In the entries that follow, the lines from the line containing "January 2024 Calendar" up to and including the line containing "slotmania88 pragmatic play jackpot" must be copied exactly, with pictures omitted.

The data:
BEGIN

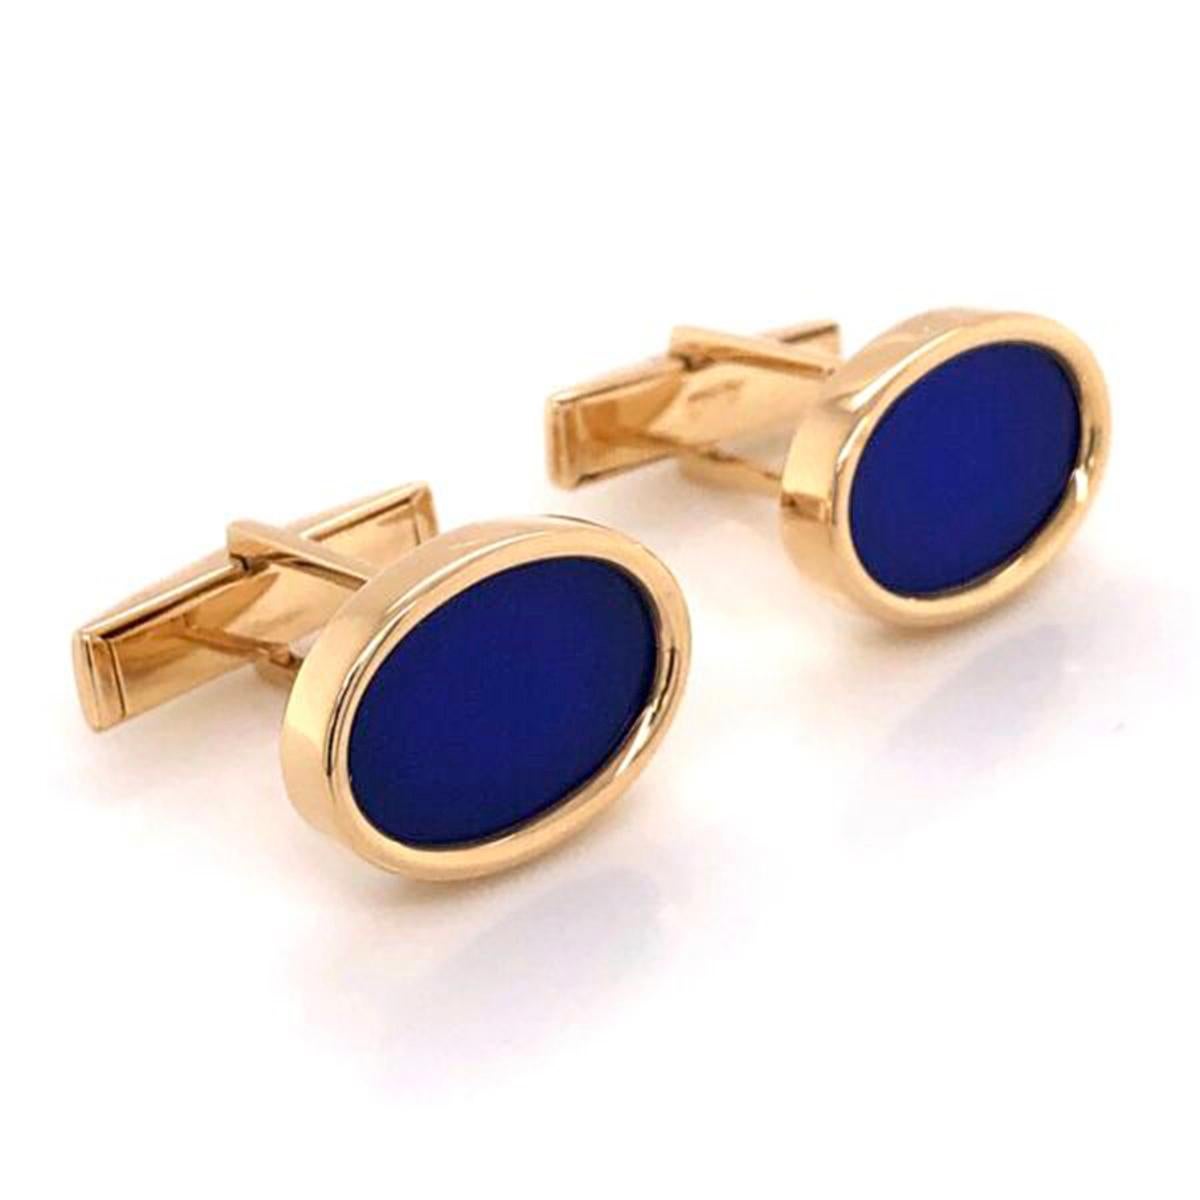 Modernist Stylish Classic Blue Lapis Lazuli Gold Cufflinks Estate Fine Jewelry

END
BEGIN

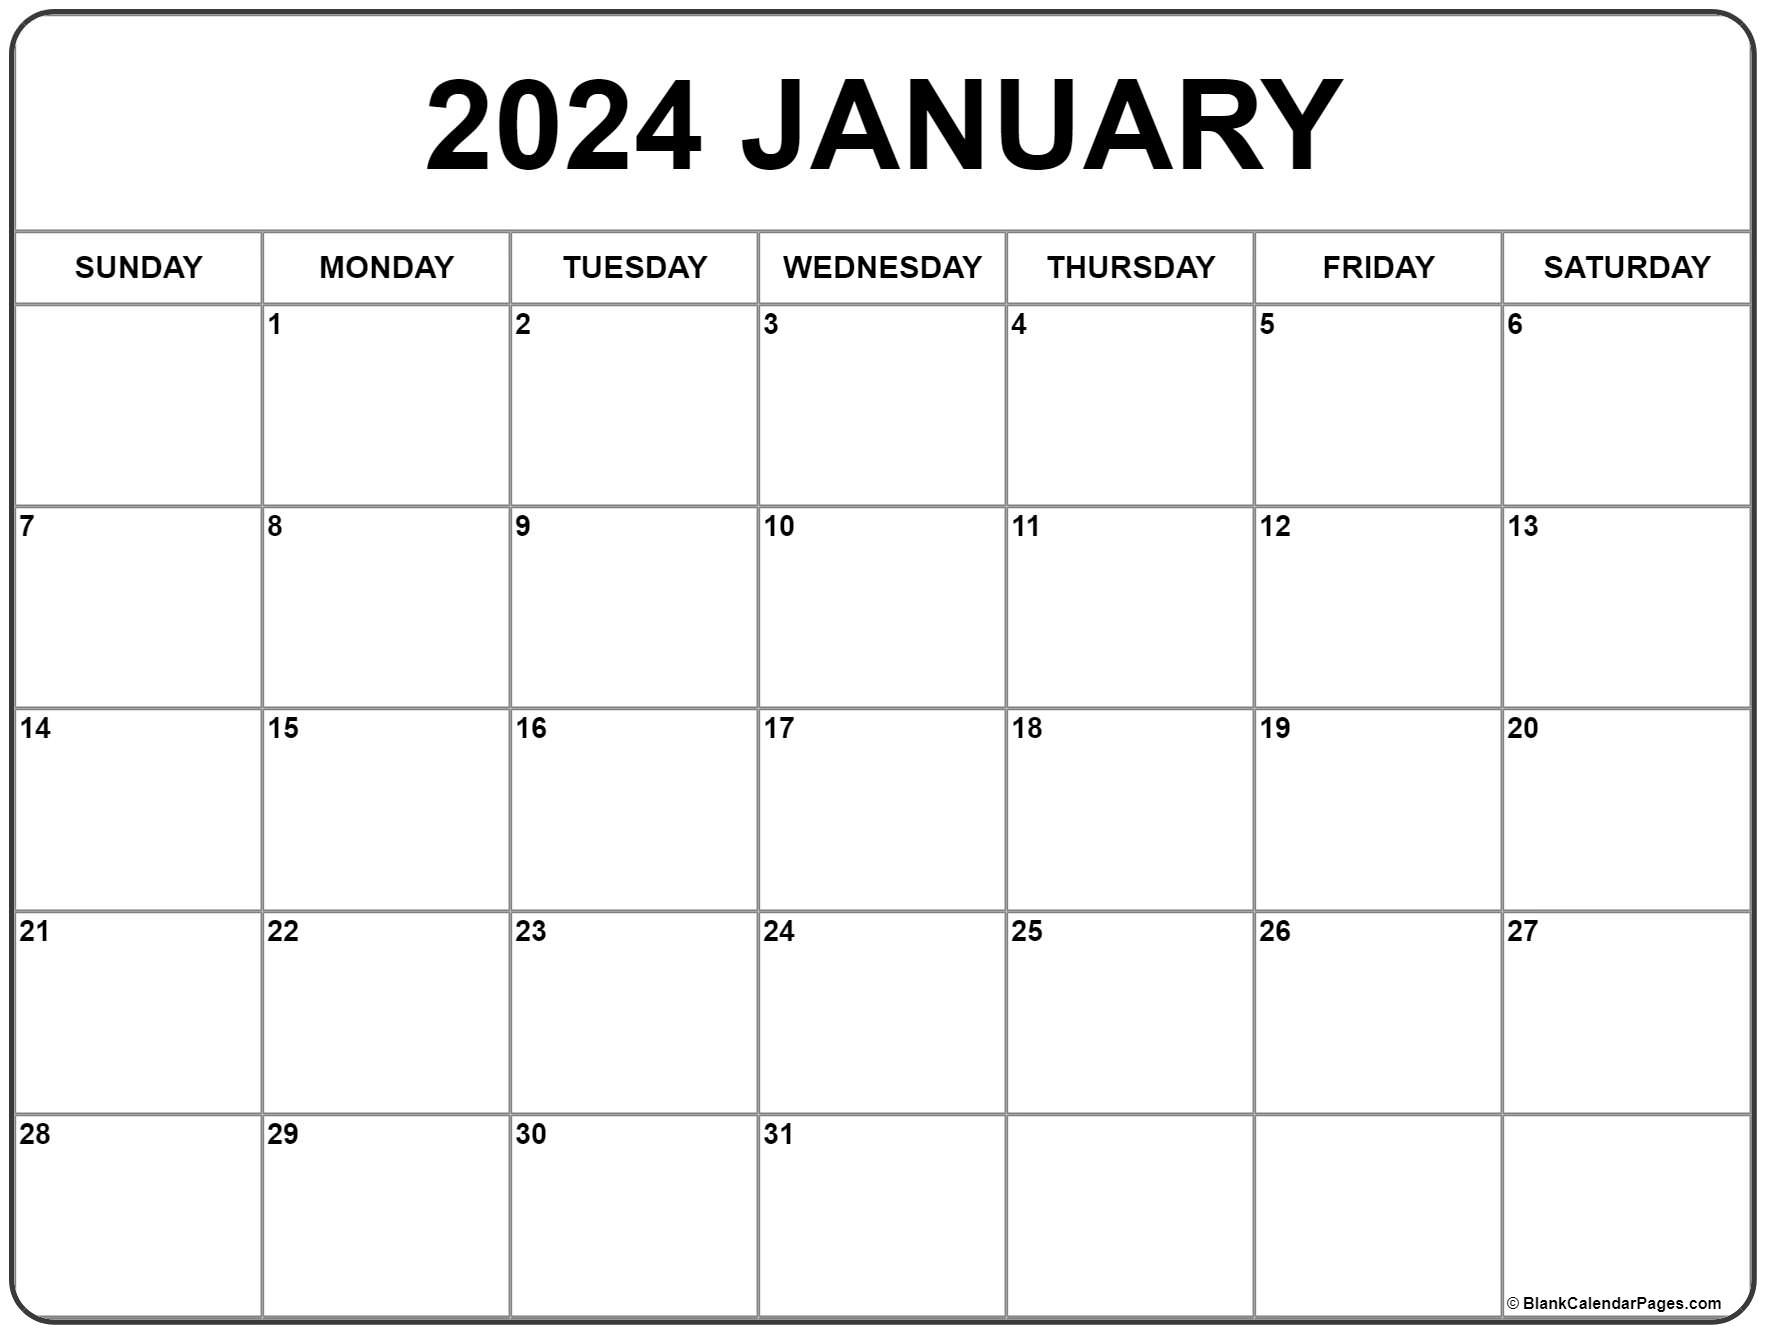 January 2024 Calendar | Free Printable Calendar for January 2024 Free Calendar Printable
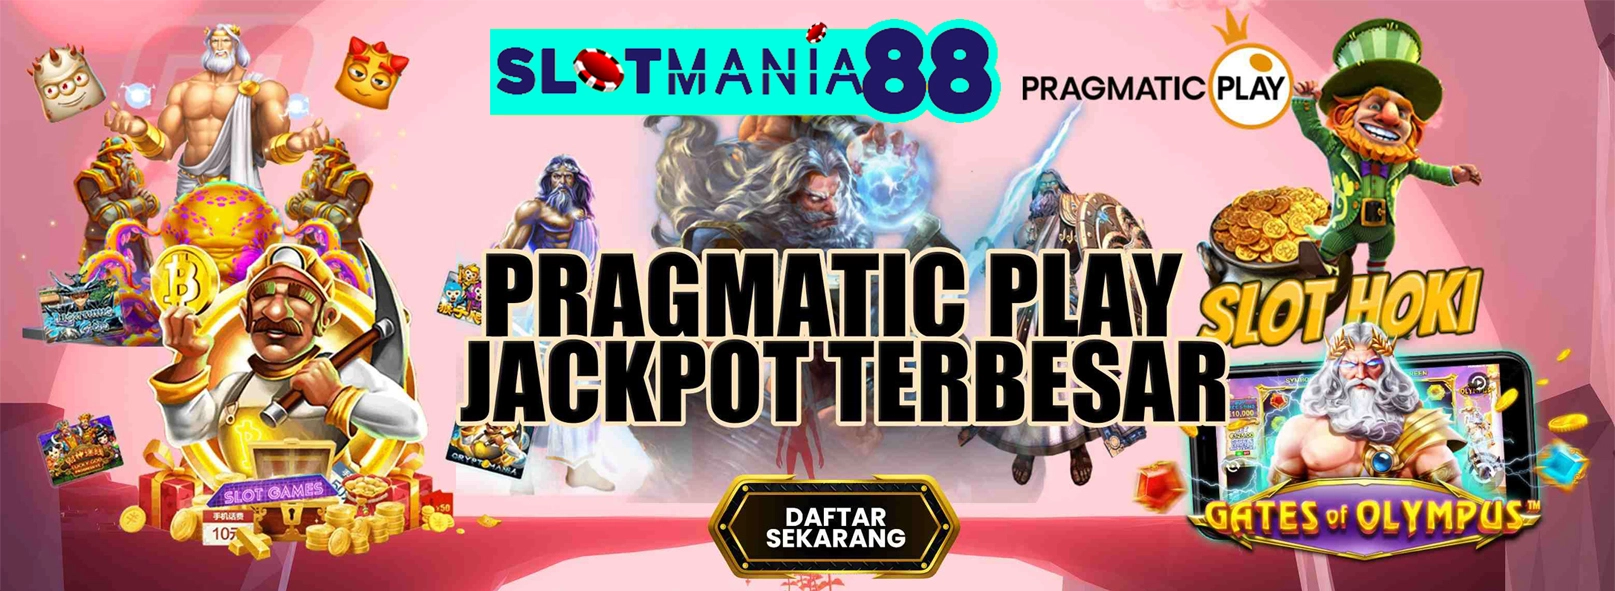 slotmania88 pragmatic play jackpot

END
BEGIN

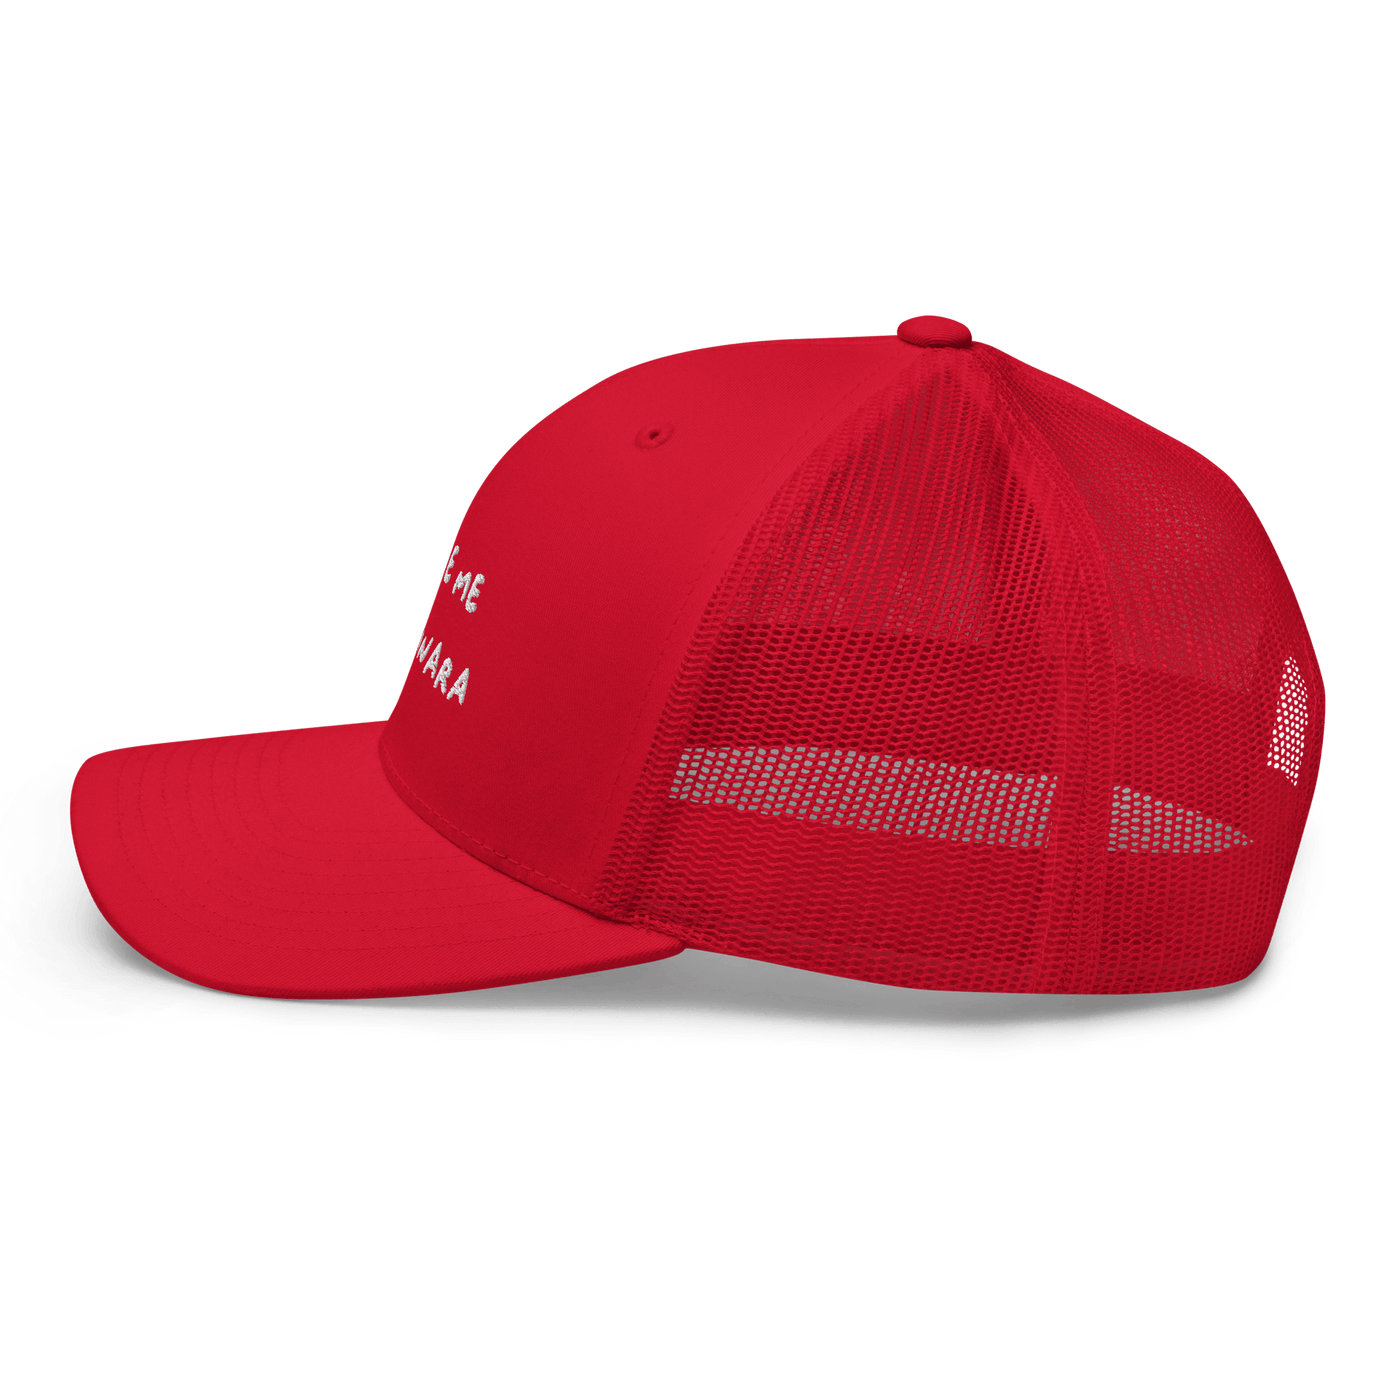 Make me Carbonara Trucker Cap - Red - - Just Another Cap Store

END

Task answer:
 January 2024 Calendar | Free Printable Calendar for January 2024 Free Calendar Printable
 slotmania88 pragmatic play jackpot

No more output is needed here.